United States District Court, E.D. California
Jul 22, 2006
Case No. 1:06-cv-00358-awi-sms-p, (Doc. 10) (E.D. Cal. Jul. 22, 2006)

Opinion

Case No. 1:06-cv-00358-awi-sms-p, (Doc. 10).

July 22, 2006


ORDER DENYING MOTION FOR APPOINTMENT OF COUNSEL AND DENYING MOTION TO SET ASIDE


I. Order

A. Procedural History

Plaintiff Daren Jean Miller ("plaintiff") is a state prisoner who was proceeding pro se and in forma pauperis in this civil rights action pursuant to 42 U.S.C. § 1983. Plaintiff filed this action on March 30, 2006. (Doc. 1.) Plaintiff alleged in his complaint that his parole was wrongfully revoked, in violation of the Due Process Clause, and that neither his preliminary hearing nor his final revocation hearing comported with due process. (Id.) Plaintiff sought money damages and injunctive relief, including an order requiring defendants to dismiss the charge and recalculate his time assessment. (Id.) On May 30, 2006, the Court dismissed this action, without prejudice, for failure to state a claim upon which relief may be granted under section 1983. (Doc. 9.) On June 15, 2006, plaintiff filed a motion for the appointment of counsel and to set aside judgment. (Doc. 10.)

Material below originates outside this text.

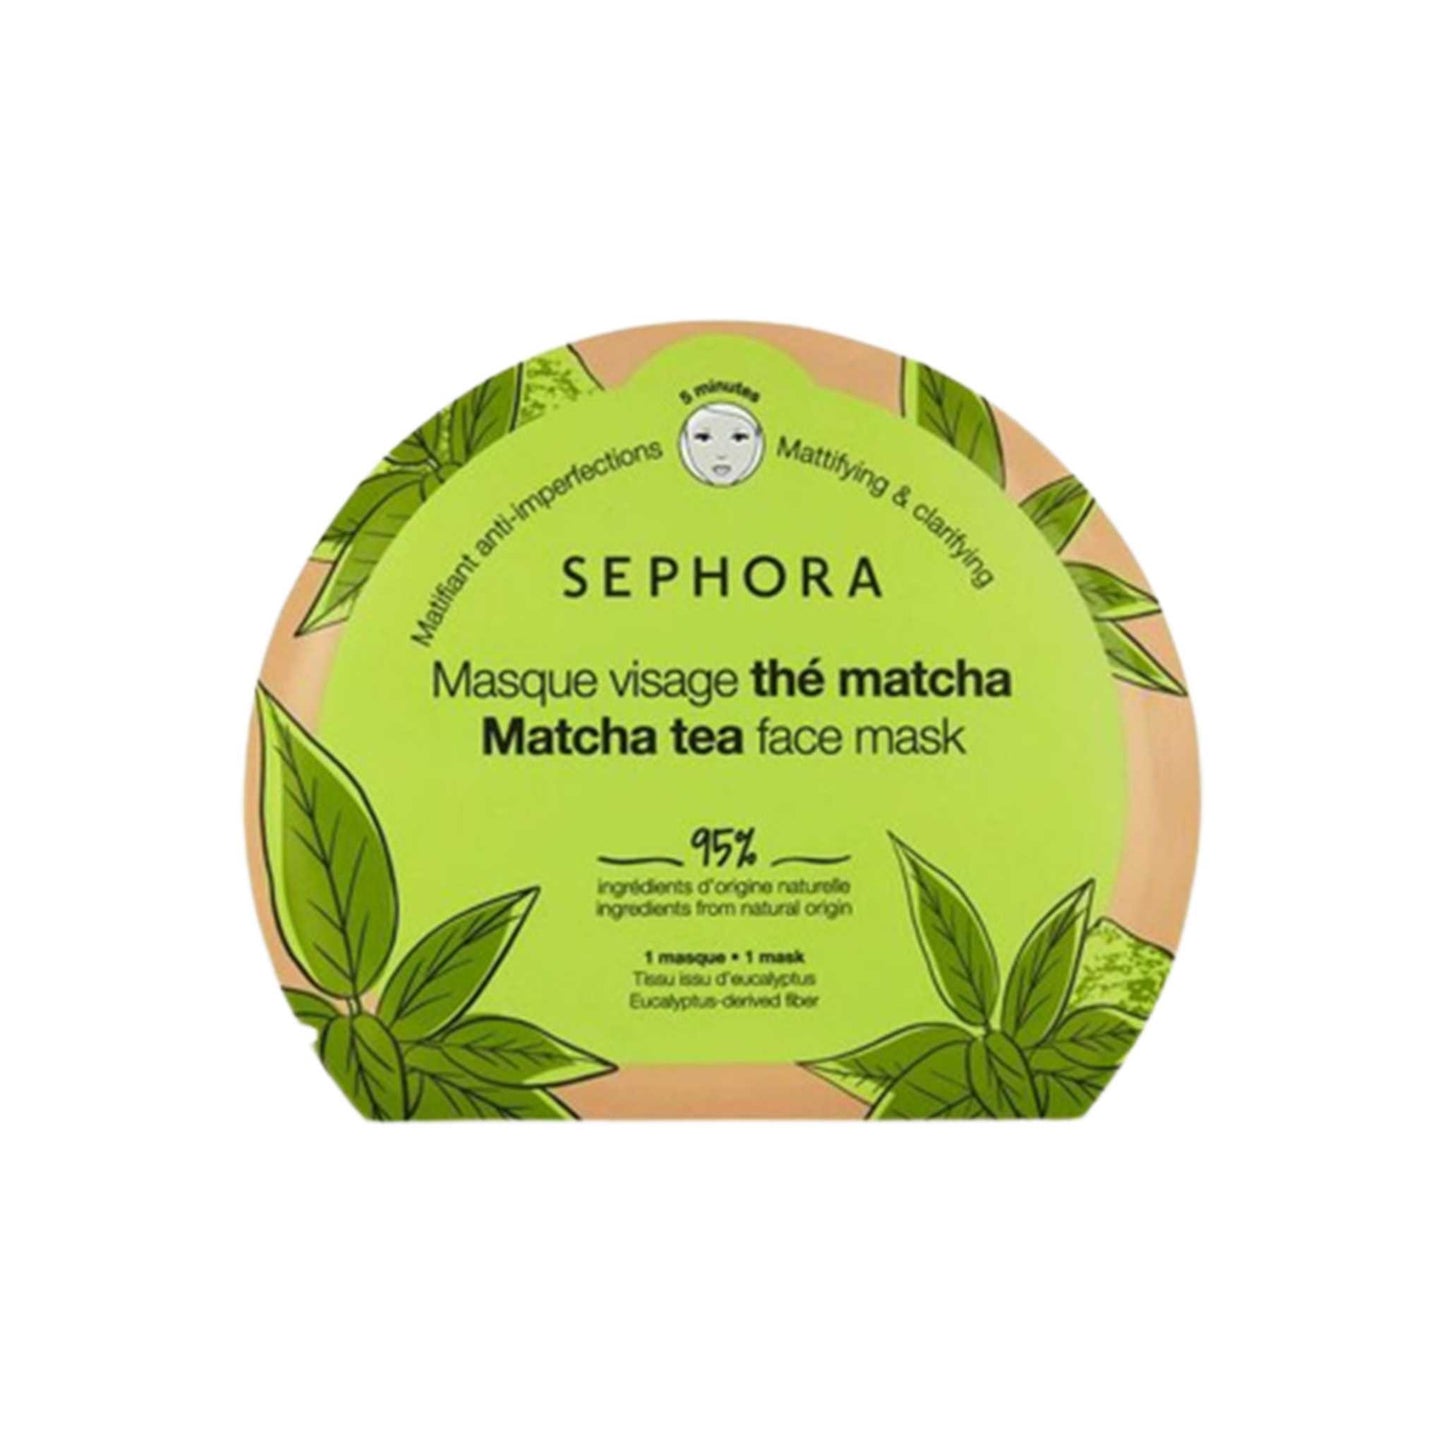 SEPHORA MATCHA TEA FACE MASK Sephora

B. Motion Seeking Appointment of Counsel

Plaintiff does not have a constitutional right to appointed counsel in this action, Rand v. Rowland, 113 F.3d 1520, 1525 (9th Cir. 1997), and the Court cannot require an attorney to represent plaintiff pursuant to 28 U.S.C. § 1915(e)(1). Mallard v. United States District Court for the Southern District of Iowa, 490 U.S. 296, 298, 109 S.Ct. 1814, 1816 (1989). However, in certain exceptional circumstances the Court may request the voluntary assistance of counsel pursuant to section 1915(e)(1). Rand, 113 F.3d at 1525.

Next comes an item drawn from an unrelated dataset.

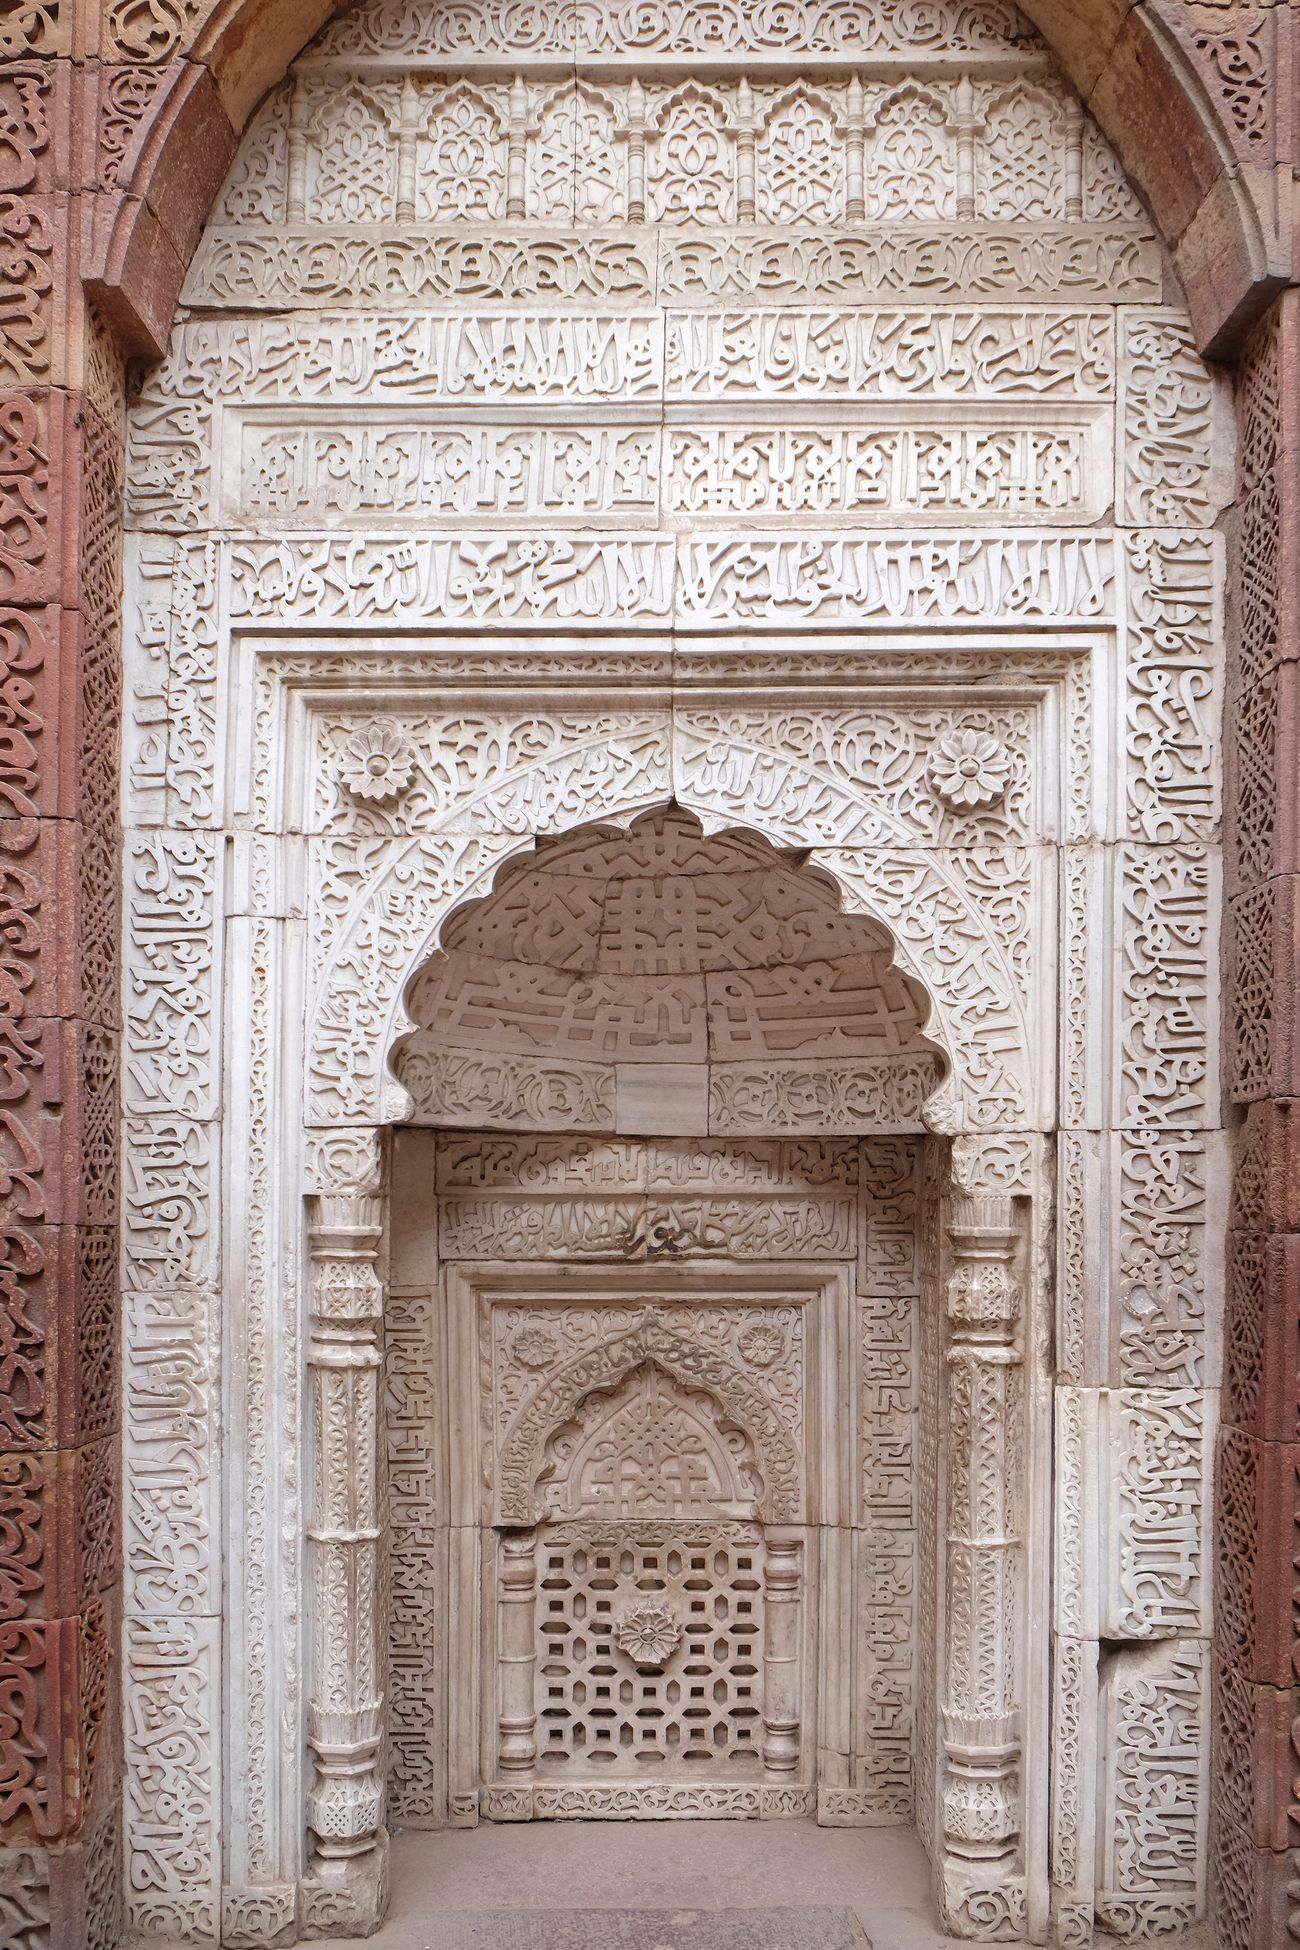 stone carving on qutab minar45

Without a reasonable method of securing and compensating counsel, the Court will seek volunteer counsel only in the most serious and exceptional cases. In determining whether "exceptional circumstances exist, the district court must evaluate both the likelihood of success of the merits [and] the ability of the [plaintiff] to articulate his claims pro se in light of the complexity of the legal issues involved." Id. (internal quotation marks and citations omitted).

In the present case, the Court does not find the required exceptional circumstances. Even if it is assumed that plaintiff is not well versed in the law and that he has made serious allegations which, if proved, would entitle him to relief, his case is not exceptional. This court is faced with similar cases almost daily. Further, in light of the fact that this action has been dismissed for failure to state a claim and plaintiff's motion for set aside judgment is not meritorious, as discussed in the subsection that follows, plaintiff cannot succeed on the merits at this time. Finally, based on a review of the record in this case, the Court does not find that plaintiff cannot adequately articulate his claims. Id. Accordingly, plaintiff's motion for the appointment of counsel shall be denied.

C. Motion to Set Aside Judgment

Federal Rule of Civil Procedure 60(b) governs the reconsideration of final orders of the district court. The Rule permits a district court to relieve a party from a final order or judgment on grounds of: "(1) mistake, inadvertence, surprise, or excusable neglect; (3) fraud . . . of an adverse party, . . . or (6) any other reason justifying relief from the operation of the judgment." Fed.R.Civ.P. 60(b). The motion for reconsideration must be made within a reasonable time, in any event "not more than one year after the judgment, order, or proceeding was entered or taken." Id.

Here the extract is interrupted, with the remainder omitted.